Henry Wadsworth Longfellow
From Philosopedia
Longfellow, Henry Wadsworth (27 February 1807 - 24 March 1882)
Longfellow was born in Maine, the son of an attorney who was also a member of Congress. Longfellow's mother was a descendant of John Alden of the Mayflower. Henry began writing poems at 13. He graduated from Bowdoin College, where classmates included Nathaniel Hawthorne.
Longfellow traveled widely, married twice (both wives dying tragically), and became professor of modern languages at Harvard, where he taught for 18 years.
He was the 19th century's most popular American poet ("I shot an arrow into the air").
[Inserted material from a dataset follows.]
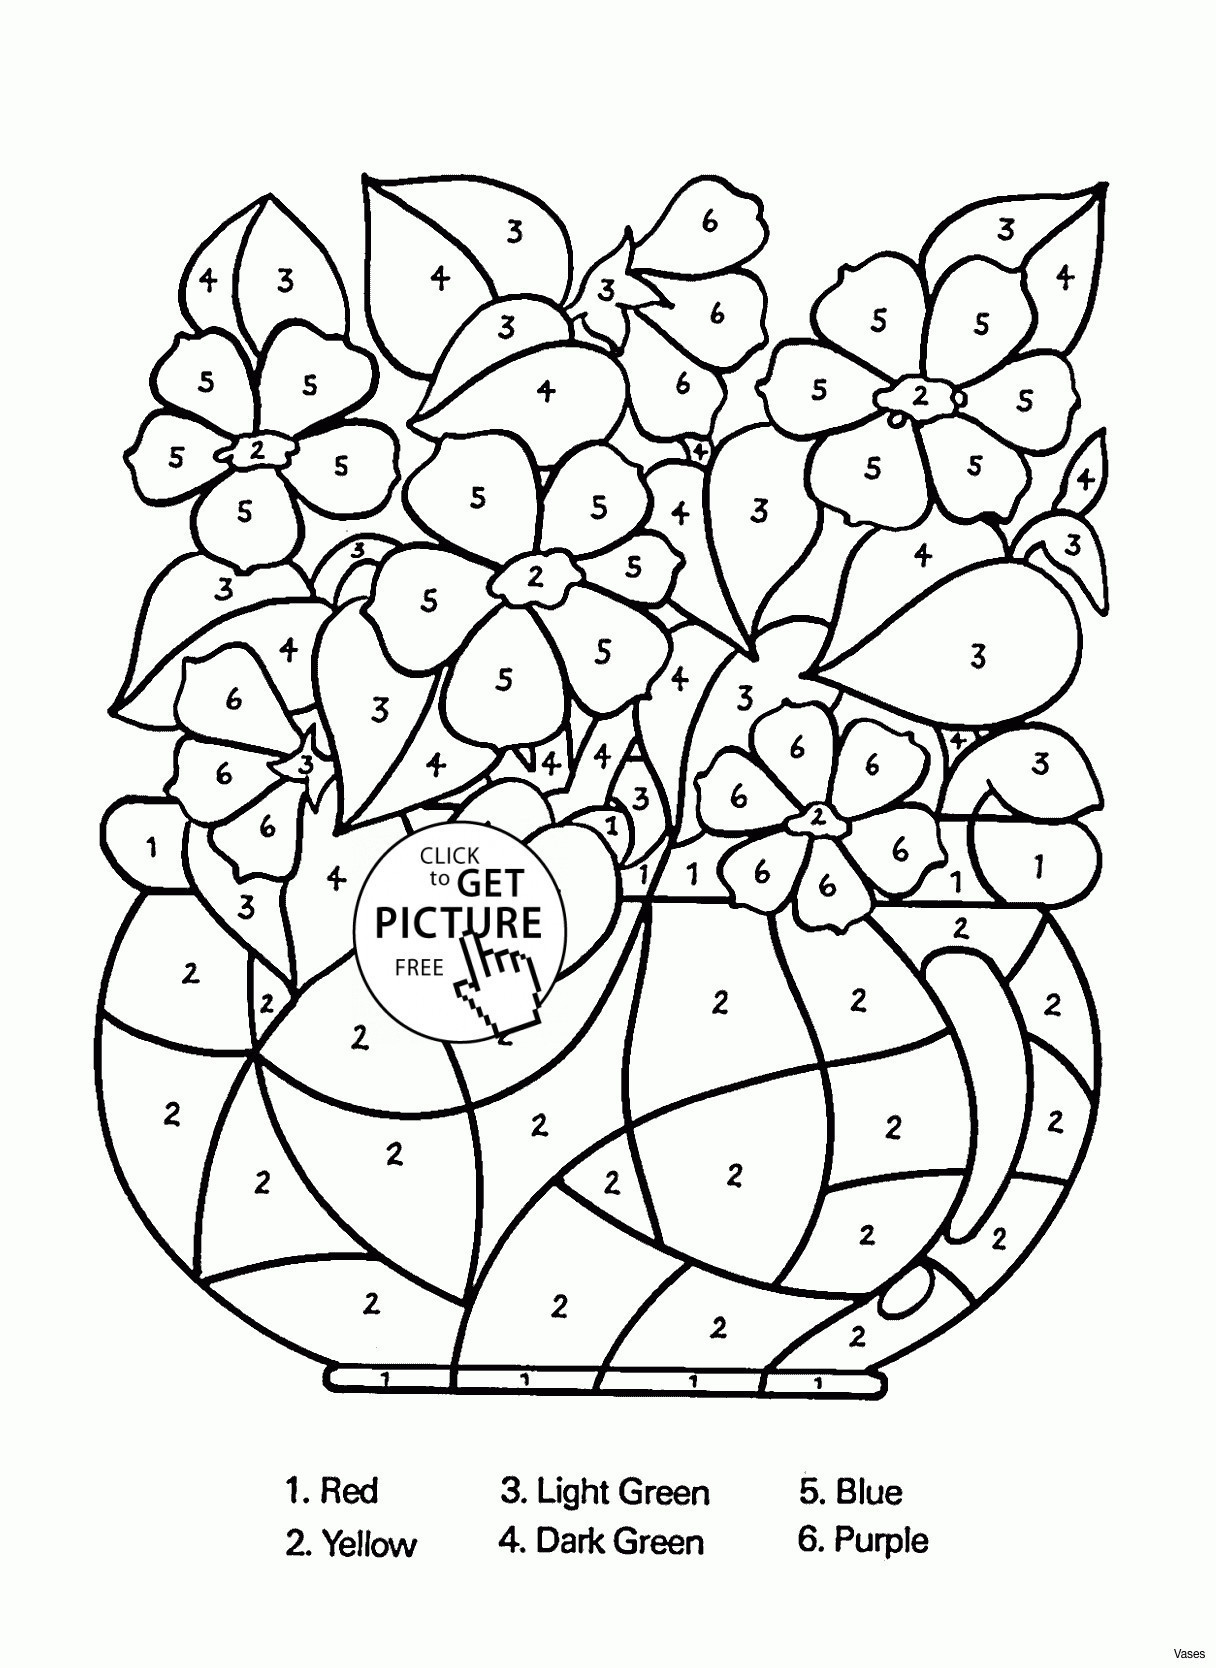 Black and White Vase Set Of 10 Fresh Black Marble Vase Bogekompresorturkiye Com Intended for Cool Vases Flower Vase Coloring Page Pages Flowers In A top I 0d Scheme Meanings

His poems included "The Village Blacksmith" and "Paul Revere's Ride," as well as "Evangeline" (1847) and "The Song of Hiawatha" (1855).
William Ellery Channing reportedly said of Longfellow, a lifelong Unitarian, that "he did not belong to any one sect but rather to the community of those free minds who loved the truth."
His daughter Alice is quoted as saying that her father was born a Unitarian and remained one all his life. William Dean Howells, in his Literary Friends and Acquaintances, says that at the most Longfellow was a non-Christian theist. “I think, he says, “that as he grew older his hold upon anything like a creed weakened, though he remained of the Unitarian philosophy concerning Christ.” The poet, he added, “did not latterly go to church.”